Cartas à Directora

Péssima imagem do ensino e do país

“José Castelo Branco e Lili Caneças são figuras incontornáveis para o conhecimento do que é a cultura portuguesa.” O alerta é feito por uma professora num curso de Português para estrangeiros leccionado na Faculdade de Letras da Universidade de Lisboa. A frase é acompanhada por um exemplar da revista Caras que é mostrado aos alunos.

Estamos na Faculdade de Letras de Universidade de Lisboa, numa aula pós-laboral de Português para estrangeiros. No início do curso, semestral, a turma tinha vinte alunos, constituída por gente de diversas profissões, um diplomata incluído, que aqui se juntavam para aprender a língua portuguesa. Nas últimas semanas restávamos quatro: dois europeus, uma nigeriana e uma venezuelana.

Aproximando-se a data do exame, perguntei se era possível fazer revisões em vez de "fofocar" em redor da revista Caras. A resposta foi: “Aqui na aula não fazemos revisões, isso faz-se em casa, aqui aprendemos coisas”.

Até posso concordar com esse princípio, mas discordo do conteúdo do curso. Somos pessoas adultas em plena actividade. Precisamos de saber como nos devemos comportar no mundo profissional, responder aos clientes, tratar com os chefes, usando algumas das informações sobre economia e política portuguesa entretanto aprendidas.

Levanto duas questões: por que são estas aulas tão mal adequadas à realidade portuguesa e por que não se adaptam em função concreta da realidade dos alunos que as frequentam?

Procuro respostas e constato em primeiro lugar que os professores não foram formados para encarar os desafios pedagógicos de hoje. Uma língua viva não se ensina como o latim – decorando quadros gramaticais – mas falando, de um modo interactivo, com os estudantes.

Em segundo lugar, concluo que o programa nunca precisou de ser mudado porque ninguém na verdade se preocupa com a qualidade do curso. Metade dos alunos vem da China. Pagam 1500 euros cada três meses a fim de terem um nível de português suficiente para estudar na universidade.

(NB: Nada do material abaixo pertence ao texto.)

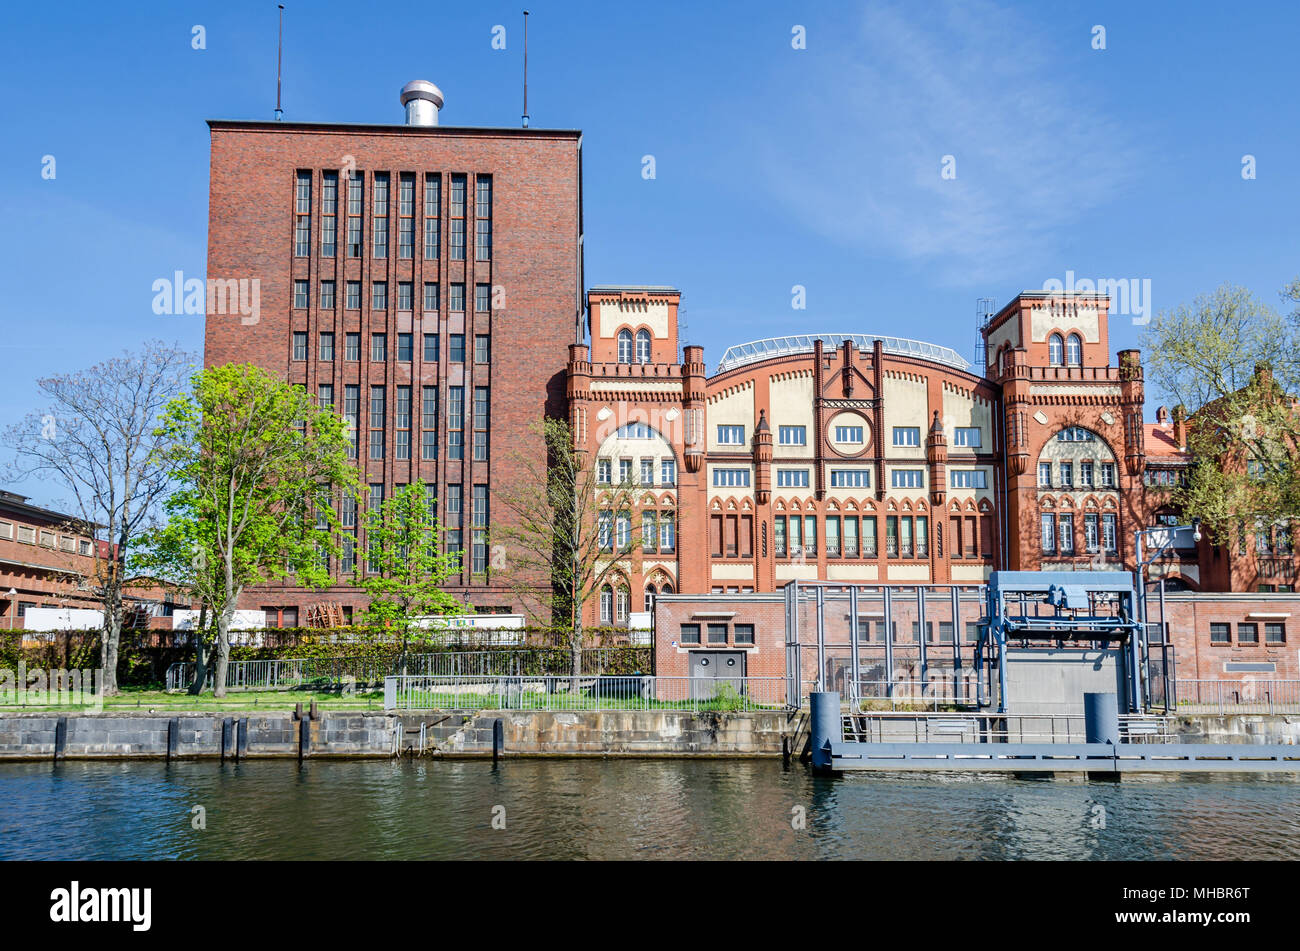 Berlin, Germany - April 22, 2018: Brick Gothic historic machine hall of the cogeneration plant Charlottenburg as seen from the river Spree Stock Photo

A outra metade são jovens europeus integrados no programa Erasmus que ficam em Portugal seis meses, o tempo suficiente para aproveitar a vida nocturna de Lisboa.  

Por fim, por uma mágica administrativa, mesmo localizada nos prédios universitários, a escola de língua não faz parte da Universidade. Chama-se a Associação para o Desenvolvimento da Facultade de Letras de Universidade de Lisboa. Todos os professores são pagos através de “recibo verde”. Isso significa que têm que trabalhar das oito às oito para sobreviver.

Infelizmente, esta falta de estímulo profissional encontra-se também noutros sectores económicos portugueses e a sua banalização generalizada talvez justifique a ausência de preocupação por esta péssima imagem com que se fica do ensino e da imagem que o país quer dar de si. No entanto, investir na formação profissional devia ser primordial. Não implica grande custo, permite manter-nos ao corrente em linha com o progresso, eleva a satisfação e auto-estima de empregados, clientes e dirigentes. O português é a sexta língua do mundo. Acho que vale a pena investir na melhoria do seu ensino e na promoção cultural lusófona que abrange muito mais que a cultura das empresas cor-de-rosa.